On the other hand, I also witnessed the extraordinary darkness that lives around our hearts.  I saw the acts of violence, heard the tortured thoughts, observed the compulsive behaviors, the anxieties, the addictions, the helplessness, the depression, the delusions – the seemingly bottomless gloom.   These shadows, so pervasive in our world, exist to some extent in each and every one of us.  Yet every person walks about suppressing them, thinking no one else has these thoughts or impulses, “there must be something uniquely wrong with me.”

My work was, and still is, to expose this fallacy.  The human condition is challenging enough without our need to deny and thereby, be rendered unable to harness our dark side.  It is time for us to embrace all of our attributes, from the darkest to the brightest- we are all of that!  The darkness is there for a reason, it serves a purpose.  Once we understand its purpose, we can release it.  However, as long as we deny its existence, we cannot understand nor be free of it.  It will continue to run our lives, creating further unnecessary suffering and destruction to us and people around us.

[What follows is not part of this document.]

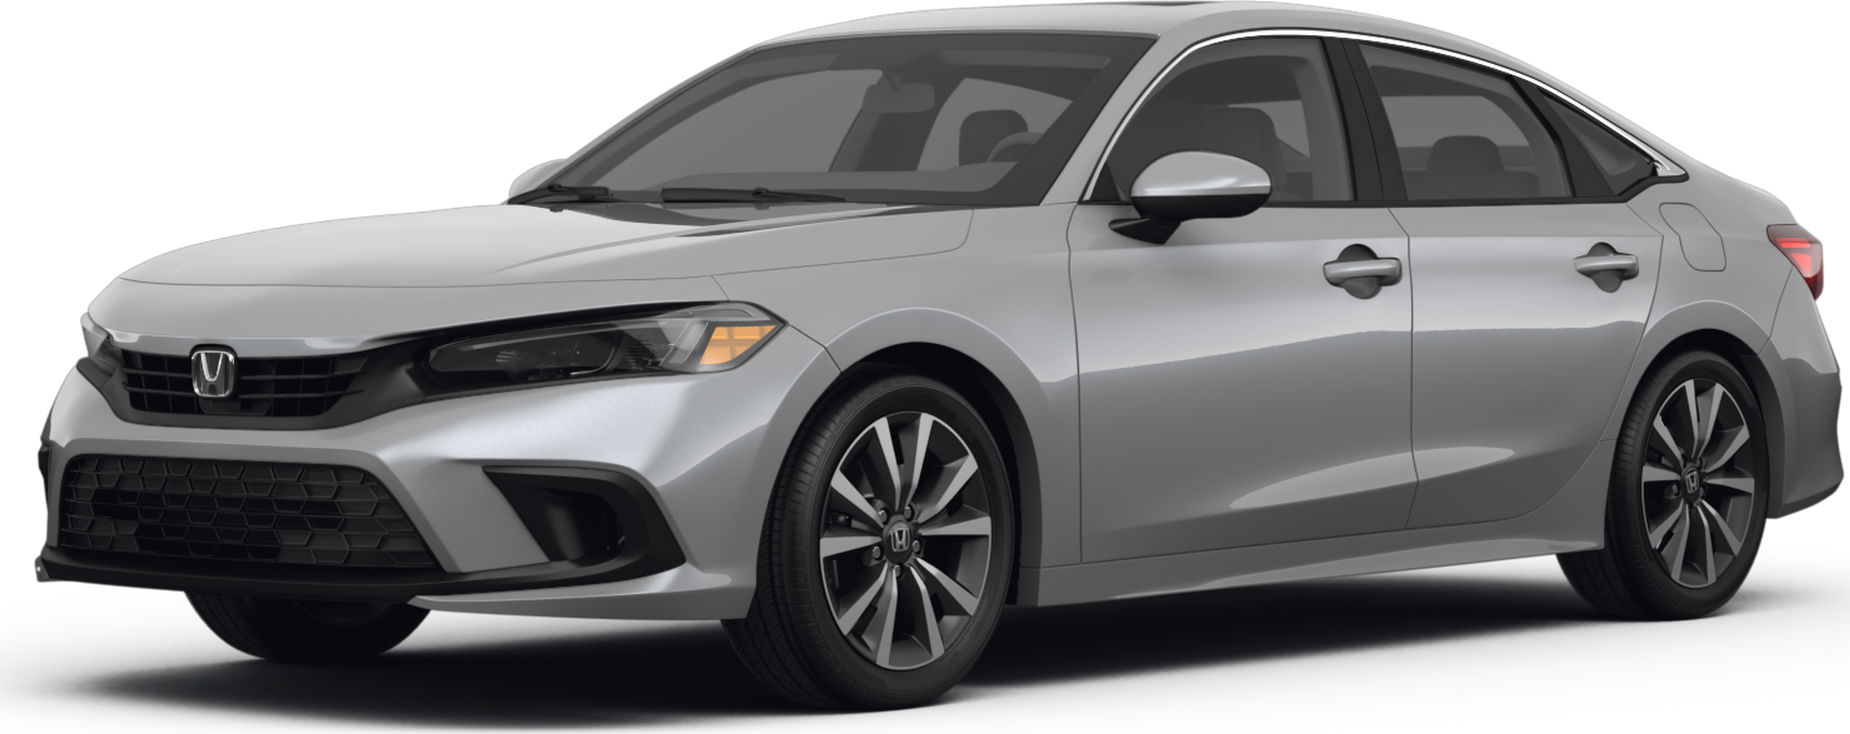 New 2022 Honda Civic Reviews, Pricing & Specs | Kelley Blue Book

Since Mobile Crisis, I have had the fortune and privilege to bring this awareness to countless of people, clients, family, friends and others, generally resulting in their ability to identify and work through their dark side in an open and nonjudgmental manner.   Without fear from ridicule and criticism, we humans have an extraordinary capacity to accept and transcend our shadows.  And when we do, we become more sensitive, more compassionate, more generous and more loving.  With these attributes, we build each other up rather than break each other down.  Life is difficult enough – can we please be honest and kind with ourselves and each other.

In conclusion, I would like to thank you, my brothers and sisters, for your contribution to my education, development and growth.   It is because you were willing to expose all of you to me, that I have had the grace to better understand myself and humanity, thus, bring my lessons to others.  Thank you for your contribution to my life, and hopefully to many more lives.